Based on our review, we are not aware of any material modifications that should be made to the
accompanying condensed consolidated interim financial statements for them to be in conformity with
accounting principles generally accepted in the United States of America.
We have previously audited, in accordance with the standards of the Public Company Accounting
Oversight Board (United States), the consolidated balance sheet as of January 29, 2005, and the
related consolidated statements of income, of shareholders equity, and of cash flows for the year
then ended, managements assessment of the effectiveness of the Companys internal control over
financial reporting as of January 29, 2005 and the effectiveness of the Companys internal control
over financial reporting as of January 29, 2005; and in our report dated April 11, 2005 we
expressed (i) an unqualified opinion on those consolidated financial statements, (ii) an
unqualified opinion on managements assessment of the effectiveness of the Companys internal
control over financial reporting, and (iii) an adverse opinion on the effectiveness of the
Companys internal control over financial reporting.
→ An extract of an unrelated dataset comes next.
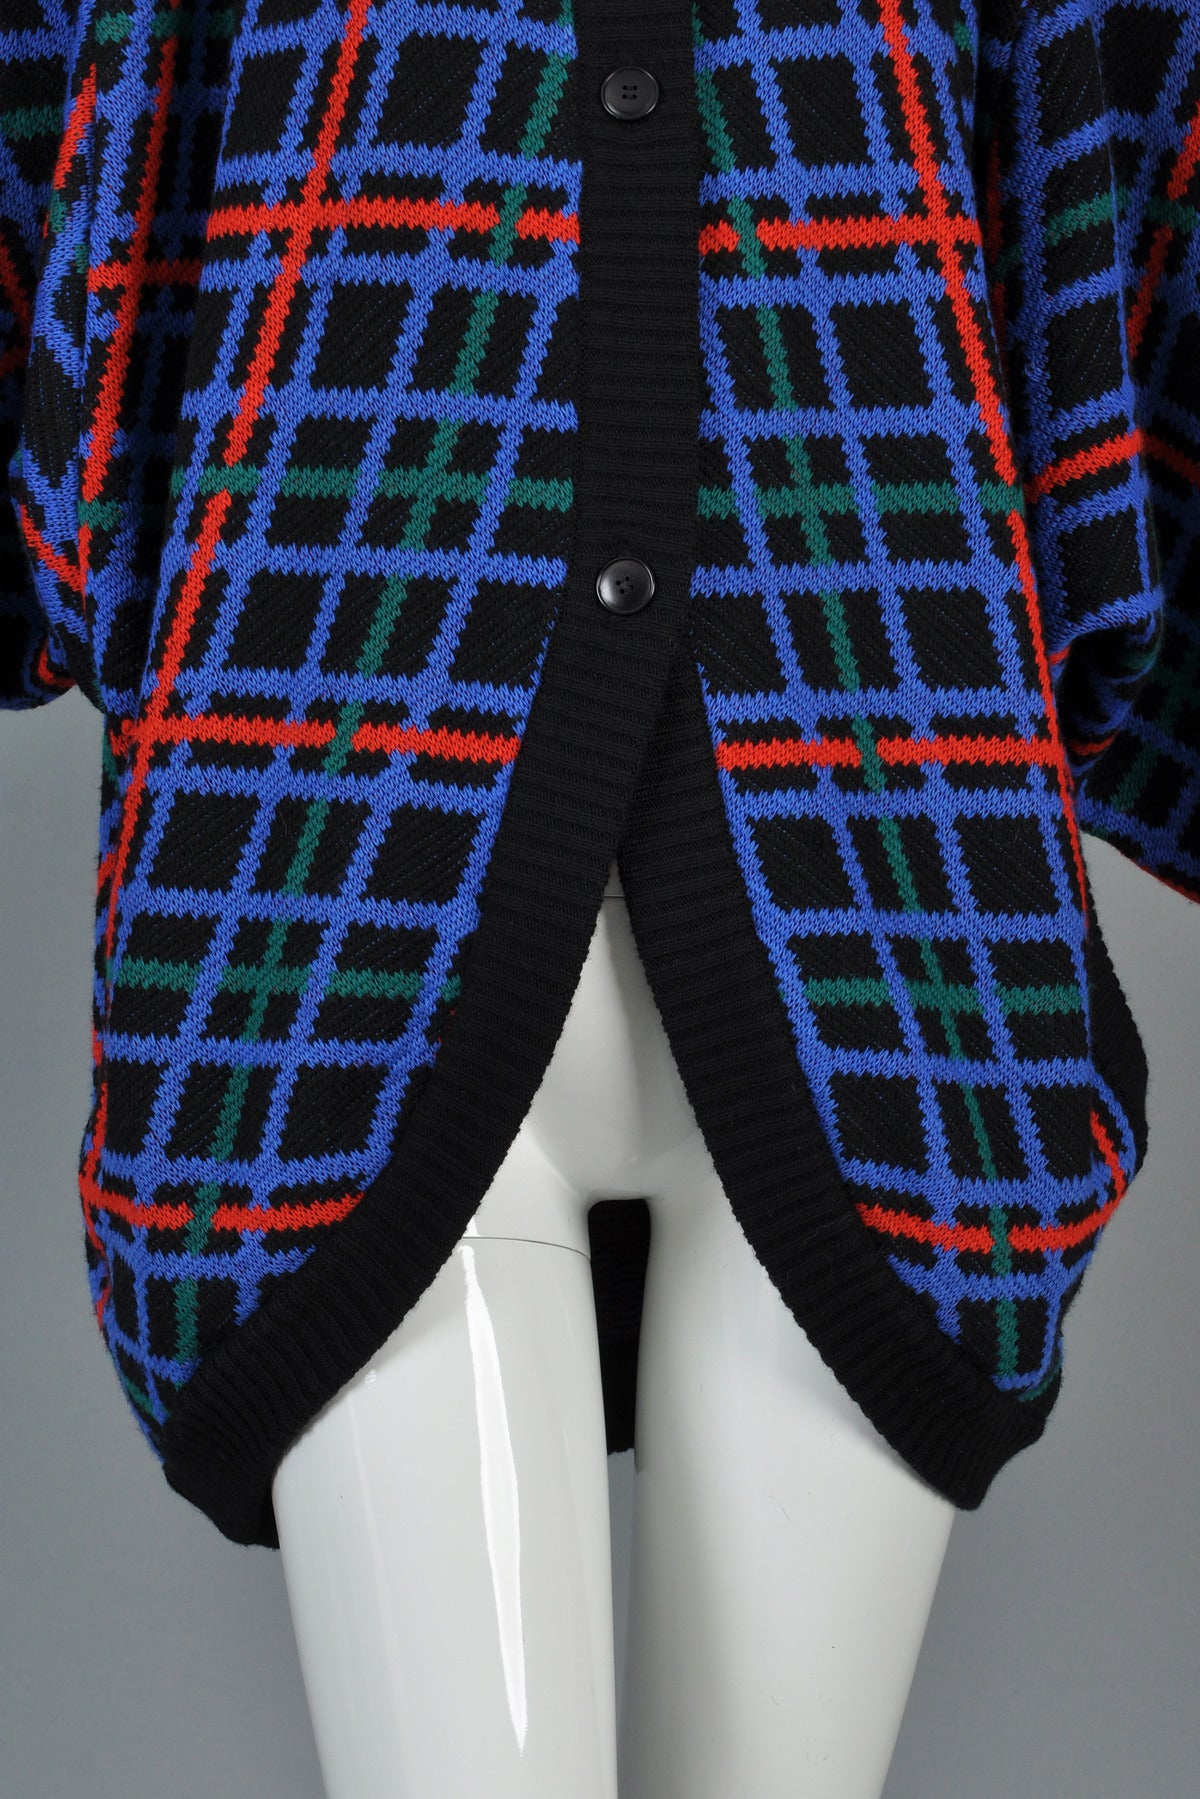 Yves Saint Laurent 1980s Plaid Hooded Knit Cocoon Jacket 1

The consolidated financial statements and
managements assessment of the effectiveness of internal control over financial reporting referred
to above are not presented herein. In our opinion, the information set forth in the accompanying
condensed consolidated balance sheet as of January 29, 2005, is fairly stated in all material
respects in relation to the consolidated balance sheet from which it has been derived.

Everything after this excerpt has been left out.